After more than 50 years, several fistfuls of euros and countless wheelbarrow journeys, one of the most famous graveyards in cinema history has been rescued from oblivion and is to be honoured in a new documentary.

Sad Hill cemetery is the setting for the climax of The Good, the Bad and the Ugly, when Clint Eastwood, Lee Van Cleef and Eli Wallach face off against each other to the strains of Ennio Morricone.

Having dispatched the Bad and left the Ugly defenceless and furious, the Good lays out his simple credo: “You see, in this world, there’s two kinds of people, my friend. Those with loaded guns and those who dig. You dig.”

Inspired by Eastwood’s words, a group of film fans spent two years restoring the cemetery to its former glories.

The set, which was built by soldiers in the northern Spanish province of Burgos for Sergio Leone’s classic 1966 spaghetti western, had been forgotten and reclaimed by nature until the Sad Hill Cultural Association stepped in.

Sad Hill map

With the help of crowdfunding and volunteers from France, Germany, Turkey, Italy and the US, its members slowly, and backbreakingly, cleared the site to reveal the famous stone circle and its hidden graves.

Their quixotic labours have been recorded in Sad Hill Unearthed, a documentary by the Spanish film-maker and cinema fanatic Guillermo de Oliveira.

When a friend told him about the association’s idea, Oliveira felt a familiar pull.

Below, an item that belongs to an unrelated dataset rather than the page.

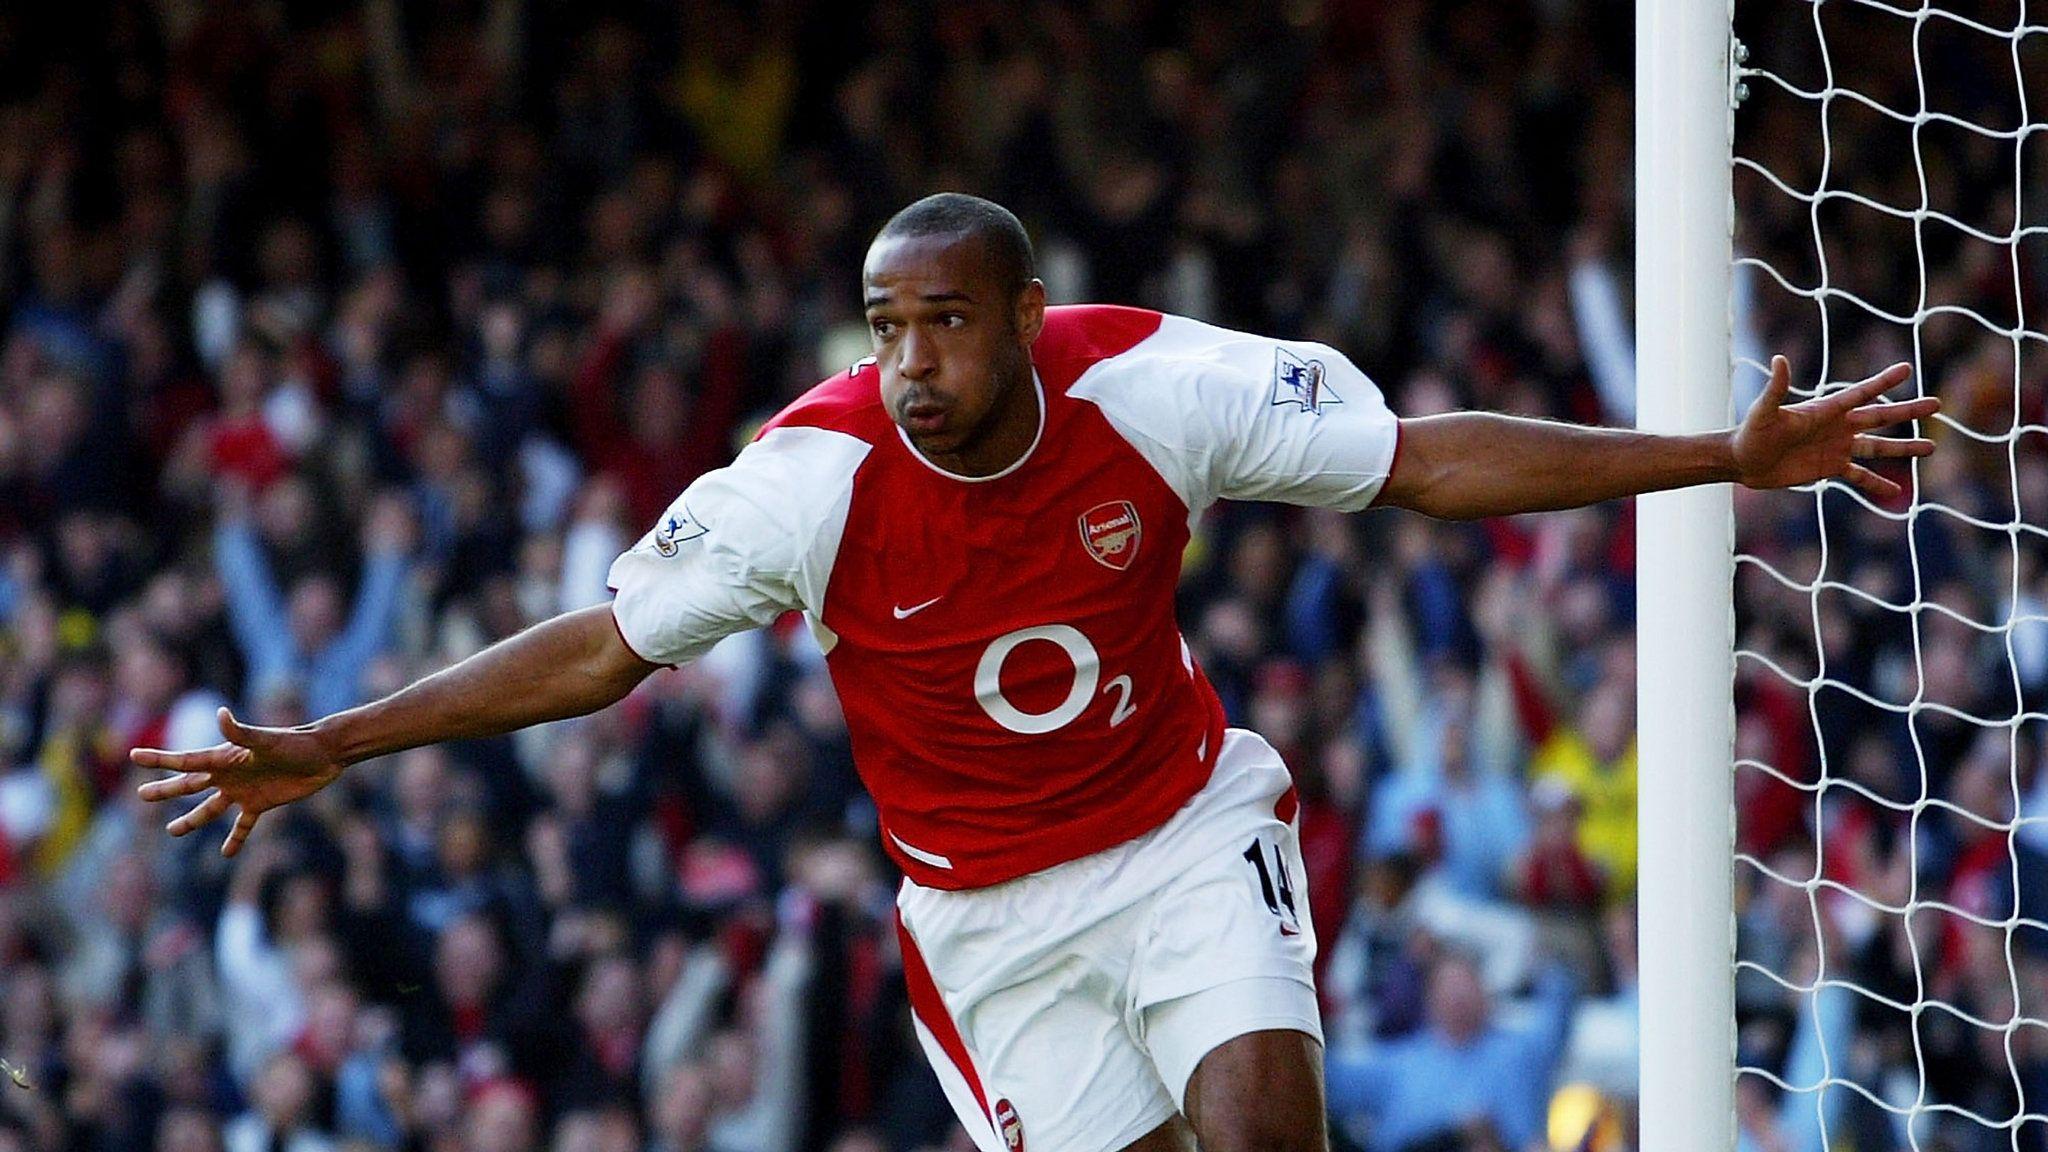 Thierry Henry wants youngsters to believe they are capable

The stone circle at Sad Hill cemetery.



The stone circle at Sad Hill cemetery. Photograph: Guillermo de Oliveira

“I love visiting the places where films were shot,” he said. “I’ve visited the dam where the beginning of Goldeneye was filmed, the sets for Star Wars in Tunisia, the cliff that Thelma and Louise drive off at the end of the film, and the Los Angeles restaurant from Heat.”

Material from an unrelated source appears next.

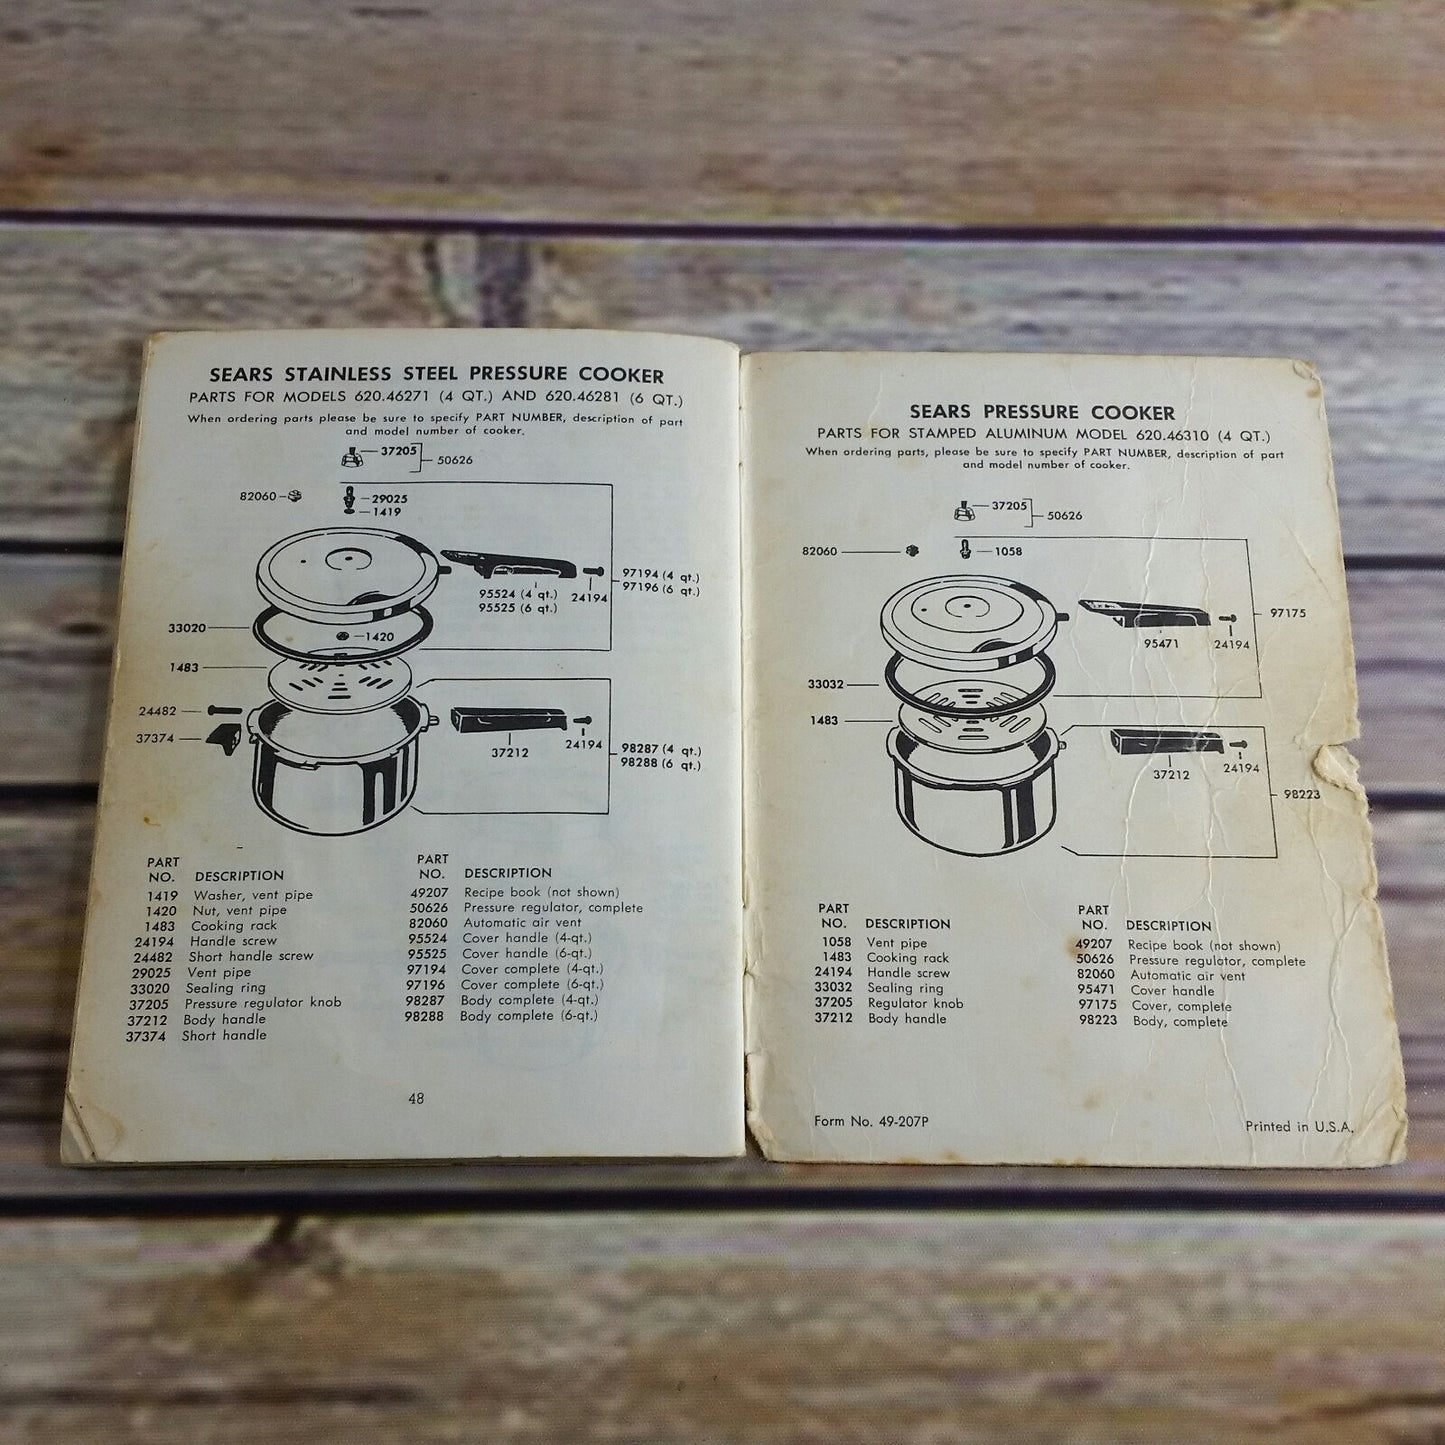 Vintage Cookbook Sears Pressure Cooker Recipes and Instructions 1971 1970s Booklet Recipe Book Time Tables

Although he hadn’t originally planned to shoot a documentary, Oliveira was moved by the volunteers’ dedication and perseverance.

“I was just struck by the beautiful notion of fans of the film wanting to bring it back to the way it was … It may have been a beautifully crazy idea, but it was still a crazy one. It was a dream.”

He was also taken with their ingenious, if morbid, crowdfunding strategy for restoring the graveyard’s 5,000 wooden crosses: for €15, anyone, anywhere can have their name, nickname or initials inscribed on a cross.

“That’s its unique selling point,” he said. “It’s the only cemetery in the world where you can visit your own grave.”

Sad Hill.



Sad Hill. Photograph: Guillermo de Oliveira

Oliveira and his camera followed the volunteers as they used hoes, spades and wheelbarrows to clear the site in preparation for a special screening at the site last July to mark the 50th anniversary of The Good, the Bad and the Ugly.

He and his team also interviewed Morricone and famous fans of the film, including the Gremlins director Joe Dante and James Hetfield, the lead singer of Metallica.

One particular interviewee proved elusive. But after 10 months of phone calls, emails and faxes, the film-makers finally got to Eastwood himself.

The veteran actor and director sent a message of thanks to all those who had worked to recover Sad Hill.

Just before the film was screened at the site last year, Oliveira played the audience Eastwood’s video. “He suddenly appeared on the screen to say thanks and some people started crying,” said Oliveira. “It was a very emotional moment.”

Sad Hill.



Sad Hill. Photograph: Guillermo de Oliveira

David Alba, one of the local volunteers, said that when Eastwood’s message was played “no one was really taking in what he was saying because we were so surprised. I had to watch it afterwards to find out what he actually said.”

Today Sad Hill is a popular draw and a boon to the local economy, said Alba, 36, who owns a bar named in Leone’s honour.

Oliveira has finished his documentary and is now trying to raise the money to pay for the rights to the clips and music it uses so he can show the film at festivals.

He said the film is both a testament to the enduring appeal of Leone’s masterpiece and an attempt to explain the motivations of the many people who laboured to bring a dilapidated film set back from the dead.

“There’s something almost religious about all this. Why would someone who’s been working all week spend eight hours in a cemetery at the weekend for nothing in return? It’s altruism in its purest form.”